4.3. Future Work and Limitations of the Study

Monitoring contractions during labor is usually performed by external tocodynamometry in the clinical practice; however, this approach can be difficult or even impossible to perform in some patients [36]. In this respect, the EHG has emerged as a new non-invasive potential technique available for monitoring uterine activity. New parameters have been proposed for characterizing the EHG signals; such is the case of PhEn assessed in this study. We consider that future studies may involve the utilization of PhEn as a potential biomarker for evaluating the physiological onset of human labor or even analyzing preterm labor in clinical practice. Recent relevant studies suggest that nonlinear measures, compressibility in particular, may be useful in improving labor prediction as a complement to other parameters [37]. Additionally, PhEn could be incorporated into the current research of pattern recognition [38] of EHG data or even be included in some fetal and maternal analysis software [39,40].

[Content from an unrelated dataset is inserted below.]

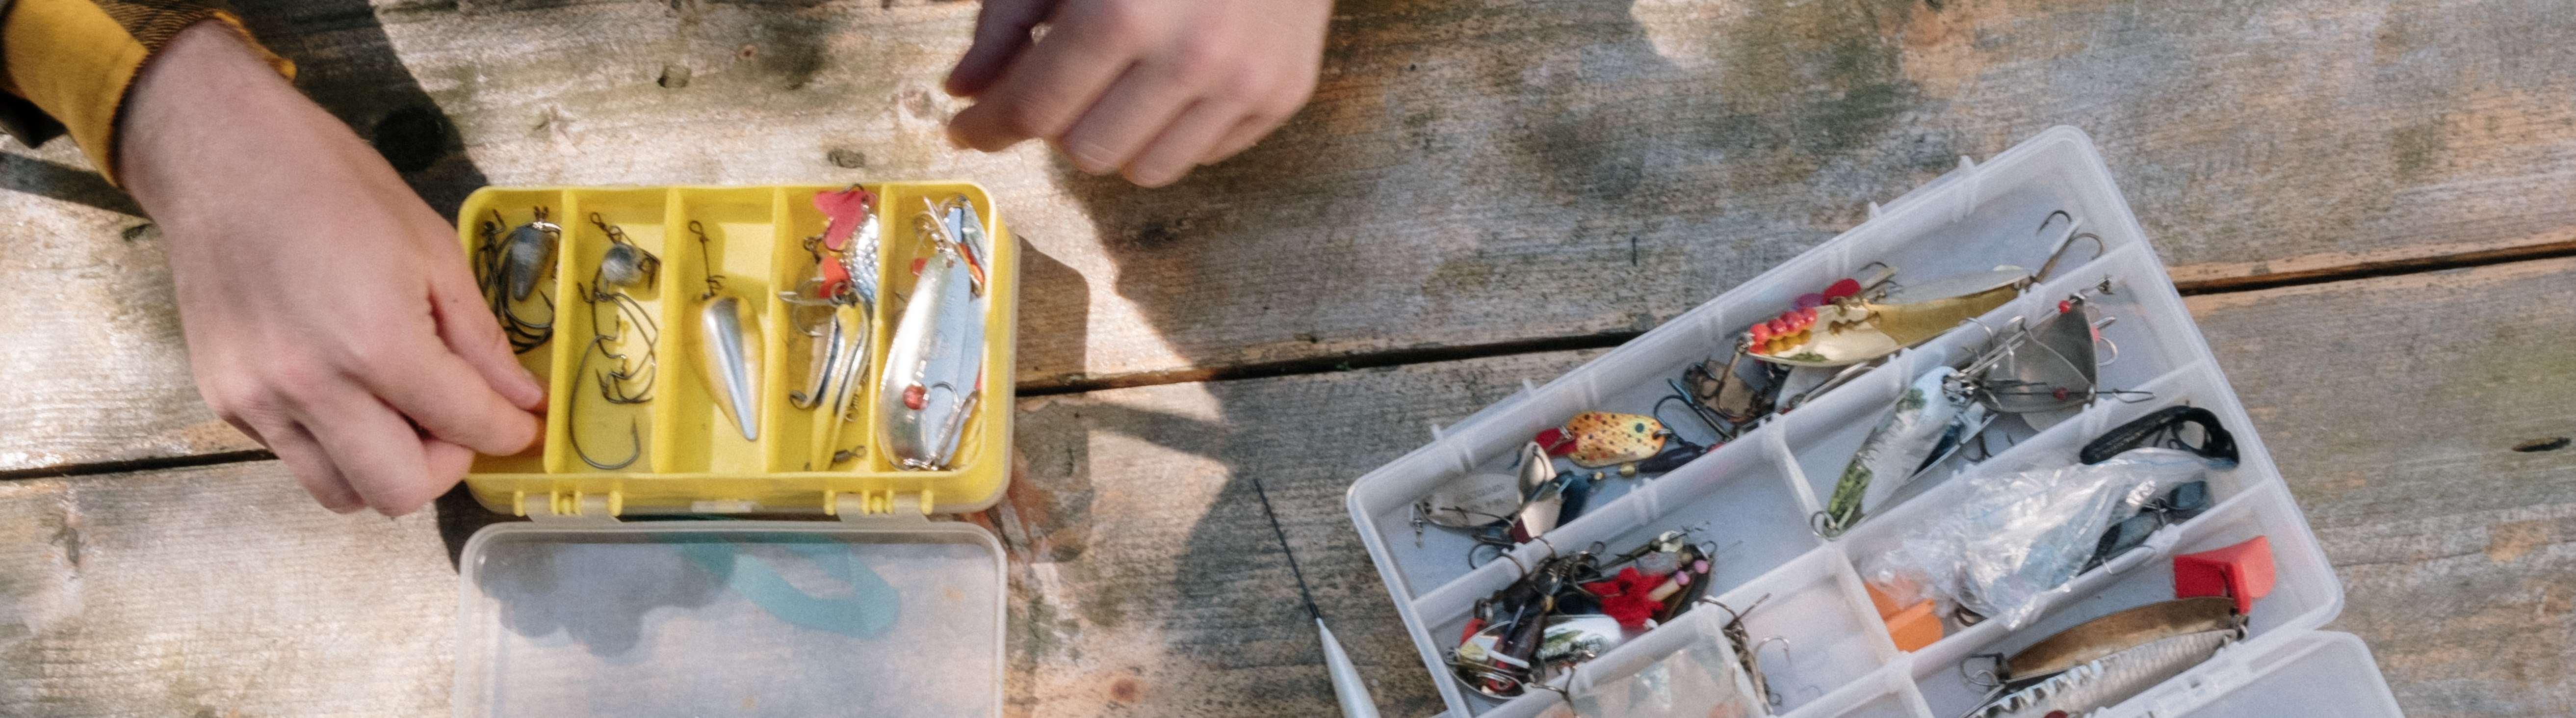 Appâts et accessoires de pêche

At present, the interpretation and physiological meaning of PhEn is diverse. It does not simply measure the degree of compressibility of SODP since the sectors with high angles are privileged. For example, if all points are equally distributed in the SODP, PhEn will not be maximum owing to the higher weights attributed to higher sectors. PhEn is maximum when p(i) is uniform, and it is obtained when sectors become monotonically less populated.

Other limitations imply the inherent complexity of the EHG time series, because complexity differs from contraction to contraction, even in the same labor phase [41].

Given the small sample size in the present study owing to the inherent difficulty of successfully recording longitudinal electrohysterograms along gestation, our findings and interpretation should be confirmed and cautiously taken into consideration. A potential application of PhEn could be the detection of preterm labor based on the EHG signal dynamics. Finally, complementary studies should validate PhEn models in larger datasets of EHG with different lengths.

5. Conclusions

The main findings of this study can be summarized as follows: (1) PhEn appears to be more appropriate to differentiate between the third trimester of pregnancy and active parturition in comparison to MSE in response, perhaps, to the uterine and cervical reorganization processes that occur in the transition from the third trimester to parturition. However, both entropy parameters seem to measure different dynamics of the EHG time series at such stages; (2) this study suggests that, by using PhEn as the discriminating statistic, the third trimester is slightly characterized by a larger number of series manifesting nonlinear dynamics compared to the parturition condition. Thus, the nonlinear features seem to be retained for both stages of pregnancy. The evaluation of physiological EHG time series by PhEn may contribute to obtaining knowledge for assessing uterine dynamics.